OK, so I tried this too just to see what would happen: check interval = 1, recheck interval = 2, max attempts interval = 6
[2013-11-27 16:01:05] HOST ALERT: ash;DOWN;HARD;6;CRITICAL - 192.168.10.212: Host unreachable @ 192.168.10.161. rta nan, lost 100%
[2013-11-27 16:01:01] HOST ALERT: ash;DOWN;SOFT;5;CRITICAL - 192.168.10.212: Host unreachable @ 192.168.10.161. rta nan, lost 100%
[2013-11-27 16:00:33] HOST ALERT: ash;DOWN;SOFT;4;CRITICAL - 192.168.10.212: Host unreachable @ 192.168.10.161. rta nan, lost 100%
[2013-11-27 16:00:01] HOST ALERT: ash;DOWN;SOFT;3;CRITICAL - 192.168.10.212: Host unreachable @ 192.168.10.161. rta nan, lost 100%
[2013-11-27 15:59:01] HOST ALERT: ash;DOWN;SOFT;2;CRITICAL - 192.168.10.212: Host unreachable @ 192.168.10.161. rta nan, lost 100%
[2013-11-27 15:58:29] HOST ALERT: ash;DOWN;SOFT;1;CRITICAL - 192.168.10.212: rta nan, lost 100%
As you can see, now the max attempts are being spread out within a 2.5 minute period.
OK, so another test: check_interval = 1, recheck_interval = 6, max_check_attempts = 6. I would expect one check approximately every minute for a total of 6 minutes. But no...
[2013-11-27 16:20:10] HOST ALERT: ash;DOWN;HARD;6;CRITICAL - 192.168.10.212: Host unreachable @ 192.168.10.161. rta nan, lost 100%
[2013-11-27 16:19:10] HOST ALERT: ash;DOWN;SOFT;5;CRITICAL - 192.168.10.212: Host unreachable @ 192.168.10.161. rta nan, lost 100%
[2013-11-27 16:18:10] HOST ALERT: ash;DOWN;SOFT;4;CRITICAL - 192.168.10.212: Host unreachable @ 192.168.10.161. rta nan, lost 100%
[2013-11-27 16:17:10] HOST ALERT: ash;DOWN;SOFT;3;CRITICAL - 192.168.10.212: Host unreachable @ 192.168.10.161. rta nan, lost 100%
[2013-11-27 16:16:31] HOST ALERT: ash;DOWN;SOFT;2;CRITICAL - 192.168.10.212: Host unreachable @ 192.168.10.161. rta nan, lost 100%
[2013-11-27 16:16:12] HOST ALERT: ash;DOWN;SOFT;1;CRITICAL - 192.168.10.212: Host unreachable @ 192.168.10.161. rta nan, lost 100%
Results show an interval of about 4 minutes, wherever that came from, with the 2nd and 3rd check happening too soon, but subsequent checks occurring at exactly 60 second intervals.
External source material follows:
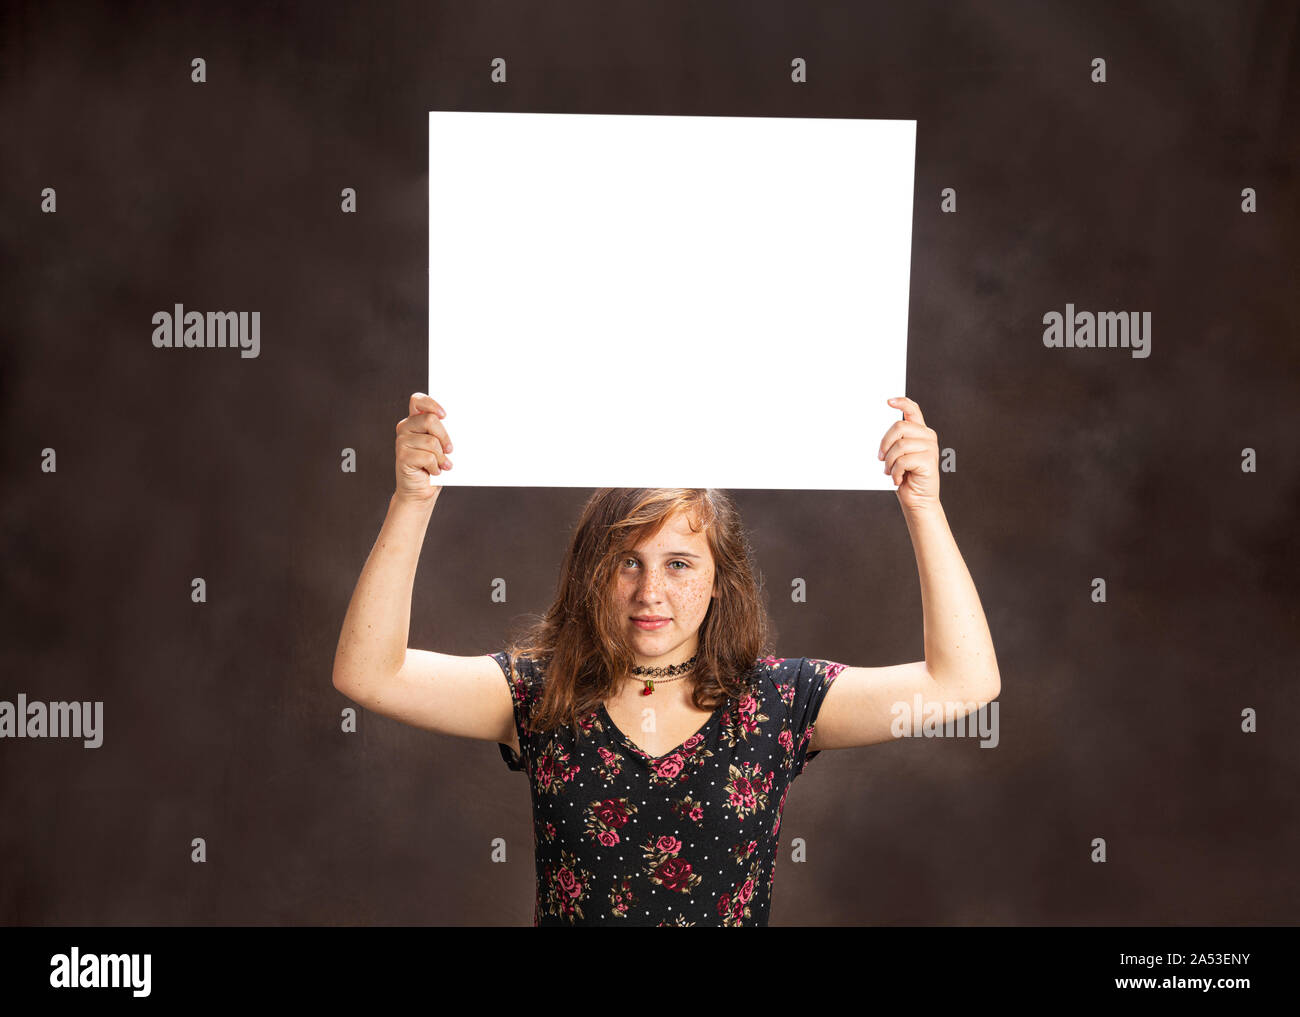 Horizontale studio Aufnahme eines ernsthaften Suchen vor - jugendlich Mädchen mit Sommersprossen, die eine leere weiße Zeichen auf dem Kopf. Braunen Hintergrund. Kopieren Sie Platz. Stockfoto

Now, this might seem backwards to some, why recheck less often after a state change. To avoid having to explain that and to show that it still doesn't work as expected/understood, I did another test that did the opposite, check less frequently if it's OK, and more frequently if not.
check_interval = 5, recheck_interval = 1, max_check_attempts = 5, what should happen is that after the first SOFT DOWN, Nagios should recheck every minute for 5 minutes, but nope, I get 5 checks in less than 2 minutes...
2013-11-27 17:17:15] HOST ALERT: ash;DOWN;HARD;5;CRITICAL - 192.168.10.212: Host unreachable @ 192.168.10.161. rta nan, lost 100%
[2013-11-27 17:17:11] HOST ALERT: ash;DOWN;SOFT;4;CRITICAL - 192.168.10.212: Host unreachable @ 192.168.10.161. rta nan, lost 100%
[2013-11-27 17:16:40] HOST ALERT: ash;DOWN;SOFT;3;CRITICAL - 192.168.10.212: Host unreachable @ 192.168.10.161. rta nan, lost 100%
[2013-11-27 17:16:11] HOST ALERT: ash;DOWN;SOFT;2;CRITICAL - 192.168.10.212: Host unreachable @ 192.168.10.161. rta nan, lost 100%
[2013-11-27 17:15:36] HOST ALERT: ash;DOWN;SOFT;1;CRITICAL - 192.168.10.212: Host unreachable @ 192.168.10.161. rta nan, lost 100%
So, there's really something I'm missing here.
Here are the interval settings from nagios.cfg
command_check_interval=-1
auto_rescheduling_interval=30
retention_update_interval=240
interval_length=60
service_freshness_check_interval=60
host_freshness_check_interval=60
So, is this normal? I just don't get it. Seems bonehead simple, but for some reason it is eluding me.
Any words from the wise would be much appreciated!